Category Archive for: ‘Kedar K. Adour’

PRECIOUS LITTLE at Shotgun Players is flawed but intriguing.

PRECIOUS LITTLE by Madeleine George and directed by Marissa Wolf. Shotgun Players, The Ashby Stage, 1901 Ashby Avenue, Berkeley, 510-841-6500 or

August 18 – September 9

PRECIOUS LITTLE at Shotgun Players is flawed but intriguing.

Shotgun Players are noted for their undertakings that are often provocative but never dull. A plethora of synonyms include challenging, disturbing, exciting and often stimulating. Their present staging of Precious Little by 13P playwright Marissa Wolf is all of those with added description of being more than somewhat offensive to this reviewer. It did not have to be and if the author had utilized the benefit of a few more readings it could have been avoided.

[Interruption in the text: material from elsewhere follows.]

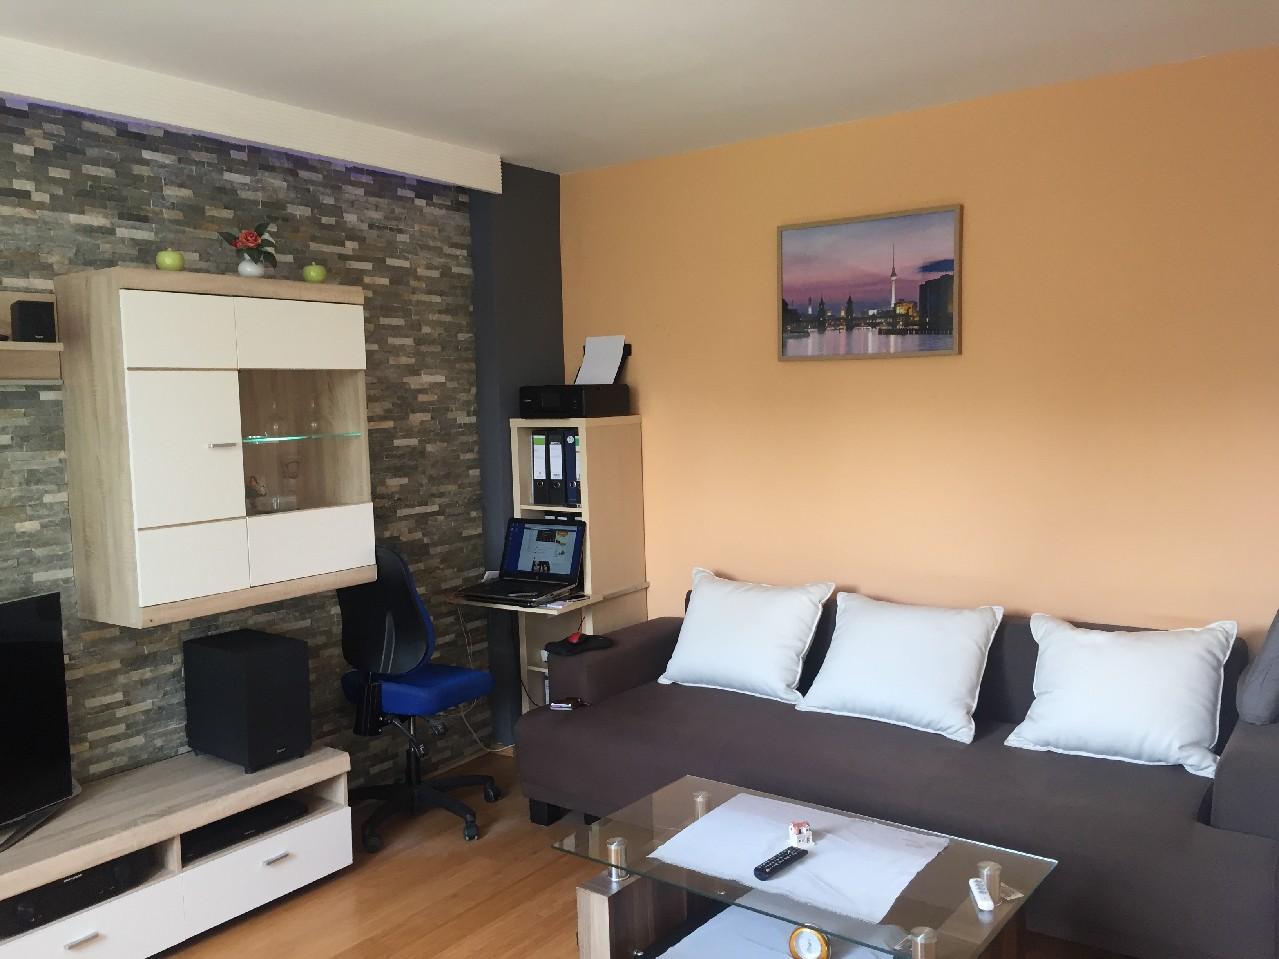 Borsigwalde – sehr schöne 1-Zimmer-Eigentumswohnung in ruhiger Lage

The problem starts with the fact that she was one of 13 mid-career playwrights who founded the group Thirteen Playwrights ( in 2003 who objected to “the trend of endless readings and new play development programs” that affected “the texture and ambition of new American plays” and decided to ignore that process. They put on full productions of each new play with the author as artistic director. If this play was scrutinized (subjected to?) the rigors of development the perceived flaw could have easily been avoided.

The fine cast of Zehra Berkman, Nancy Carlin and Rami Margron give superlative performances playing a total of eight parts with Carlin giving a Tony Award winning performance as the Ape.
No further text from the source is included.